In a new series, we’re unpacking New Zealand’s productivity problem, our polite form of capitalism, and the $113b cost of drift, as Dileepa Fonseka explains.
When it comes to productivity, New Zealand was at the front of the pack.
After World War II, the English-speaking economies of NZ, Australia, the United States and Canada were in better shape than war-torn Europe, and so our country had the third-highest GDP per capita in the world.
But the warning signs around future growth were also there.
American economist Mancur Olson once drew up a table showing, out of a group of 18 high-income countries, NZ had the third lowest per capita GDP growth rate during the 1950s, and the lowest growth rate within this group in the 1960s.
Former Productivity Commission head Murray Sherwin said NZ’s actions in the decades after World War II set the country back so far in terms of productivity, it has never fully recovered.
“Things began to go backwards in the 1950s, and I think it’s not coincidental that was when we decided that being an agricultural nation was last century’s business.”
New Zealand's post-war slide. (Image: RBNZ)

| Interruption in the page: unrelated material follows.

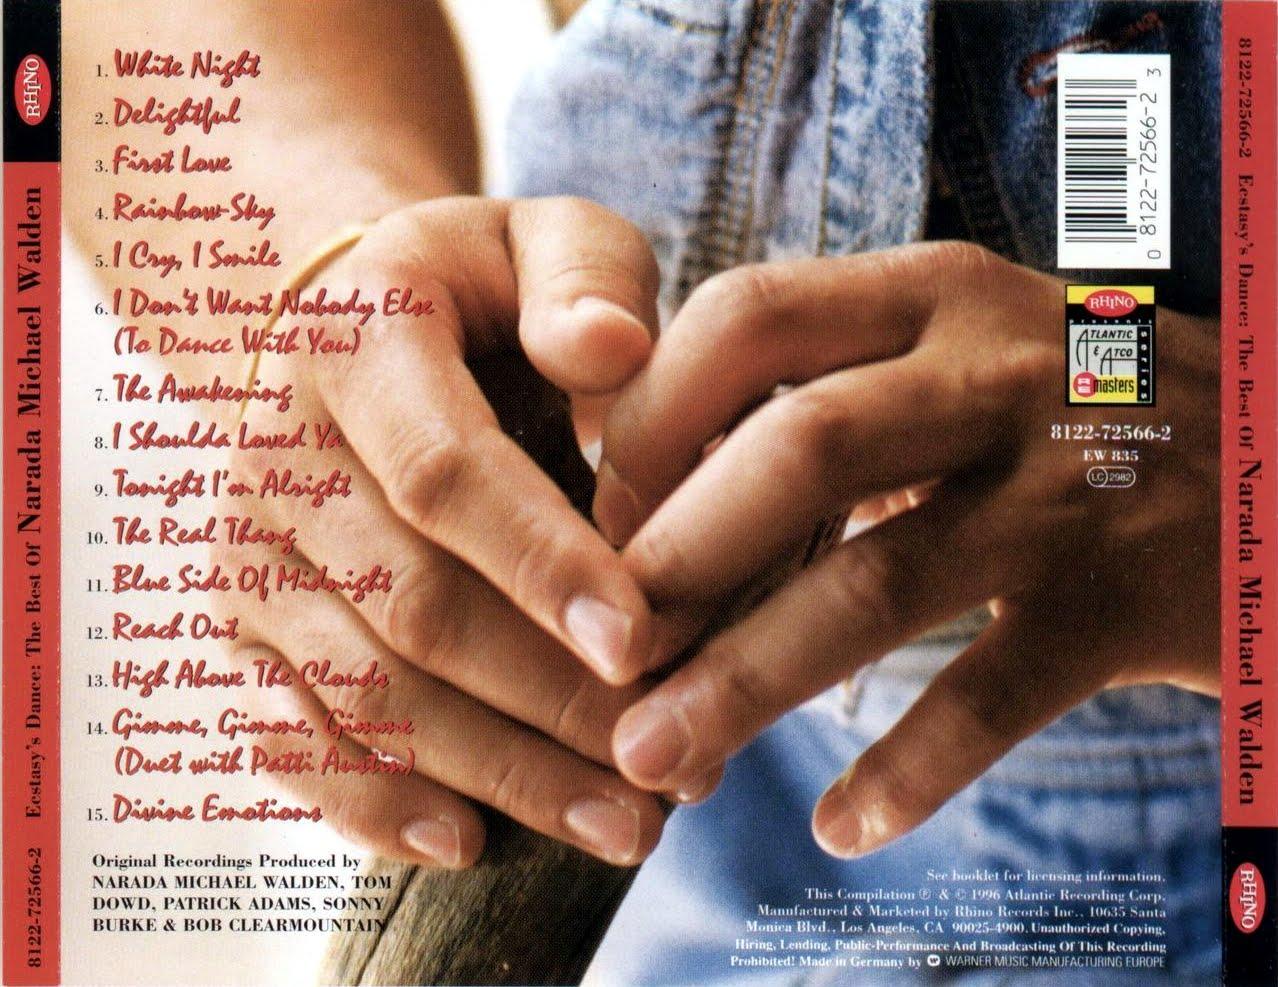 http://2.bp.blogspot.com/_mBGx92Xe7g8/TKIuqBTBnbI/AAAAAAAAELY/t9WoU6L3-Rc/s1600/Narada+Michael+Walden+-+1996+-+Ecstasy%27s++Dance+The+Best+Of+-+Back.jpg

Sherwin said NZ started thinking it had to become a manufacturing powerhouse, and so it put in place subsidies and tariffs that gave its citizens some of the world’s most expensive shoes, cars, and clothes - well, expensive relative to the quality of what was produced anyway.
“That’s when the slide was really under way in terms of living standards relative to the rest of the world.”

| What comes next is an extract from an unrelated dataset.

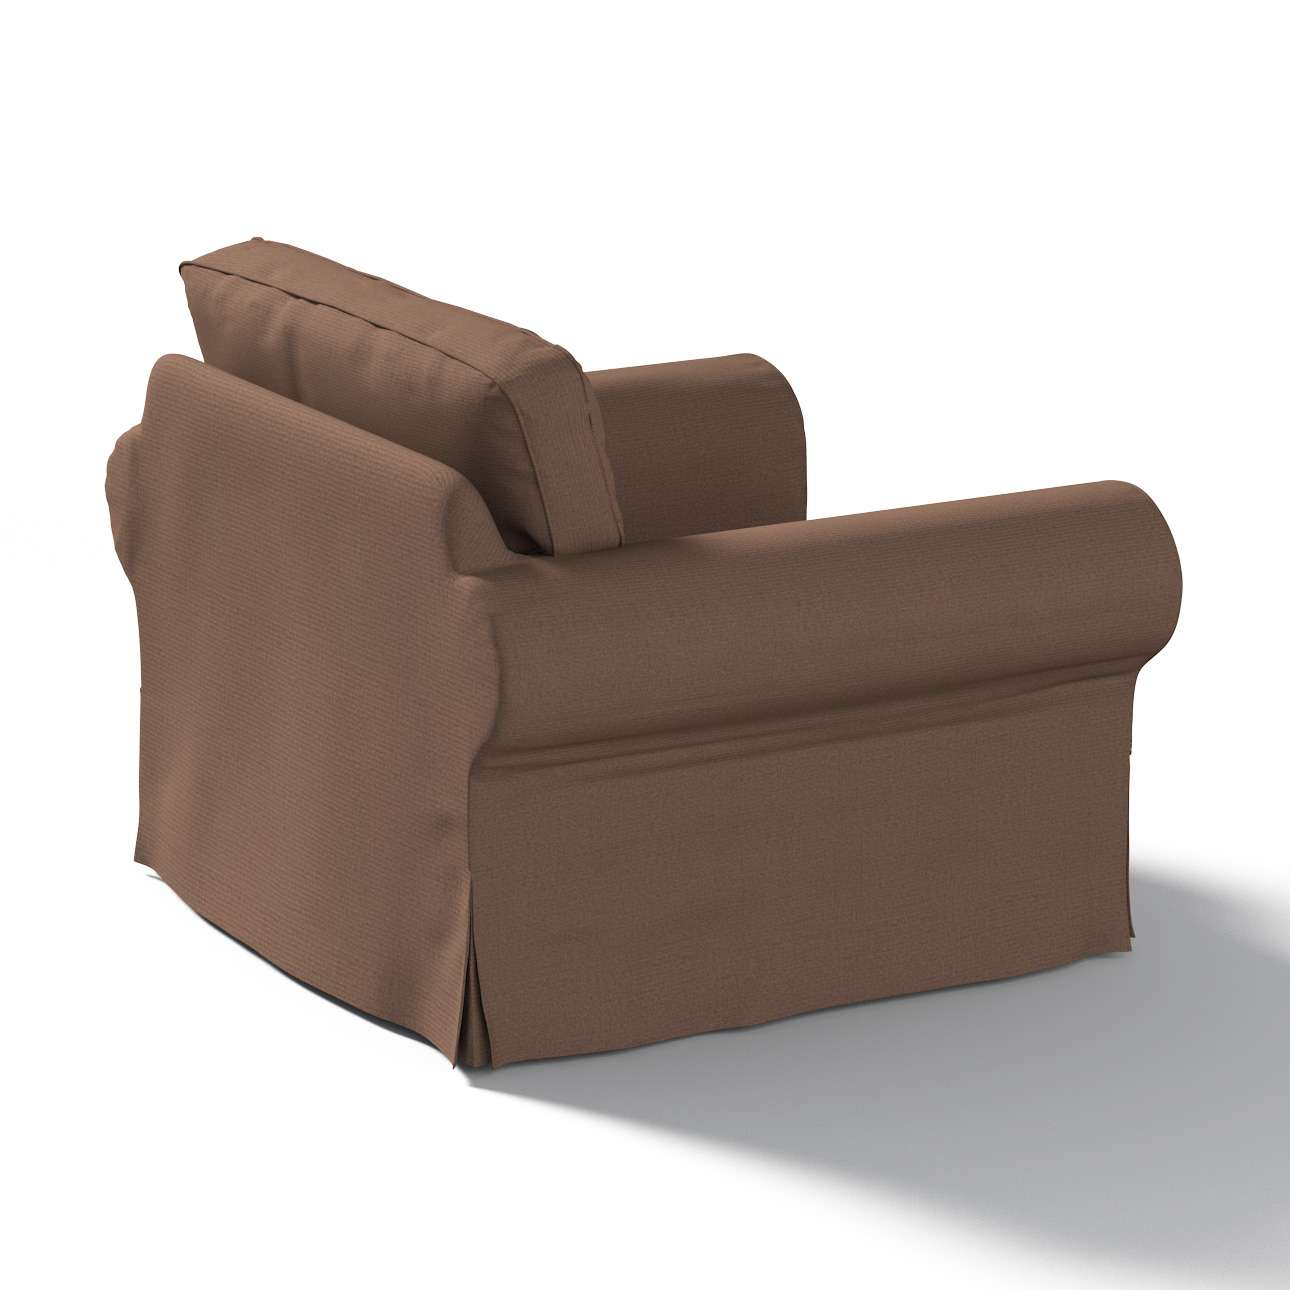 Pokrowiec na fotel Ektorp Fotel Ektorp w kolekcji Etna , tkanina: 705-08

In the late 1990s, productivity growth showed signs of improvement, but it never improved enough to bring us up to OECD averages for GDP per hour worked.
Which is where the $113 billion figure comes in.
Infometrics principal economist Brad Olsen has calculated $526 billion is how big the NZ economy would have been in 2023 if we had managed to lift GDP per hour worked up to the OECD average.
GDP per hour worked measures how much output the economy produces for each hour worked.
Olsen said GDP per hour worked in NZ grew 3.4% per annum on average between 2000 and 2023, compared to the OECD average of 3.8%.
By 2023, our total GDP was $413b, $113b smaller than if we had met the OECD productivity average by then, he said.
In other words, if NZ had simply managed to lift productivity to the OECD average by 2023, its economy would have been more than a quarter larger.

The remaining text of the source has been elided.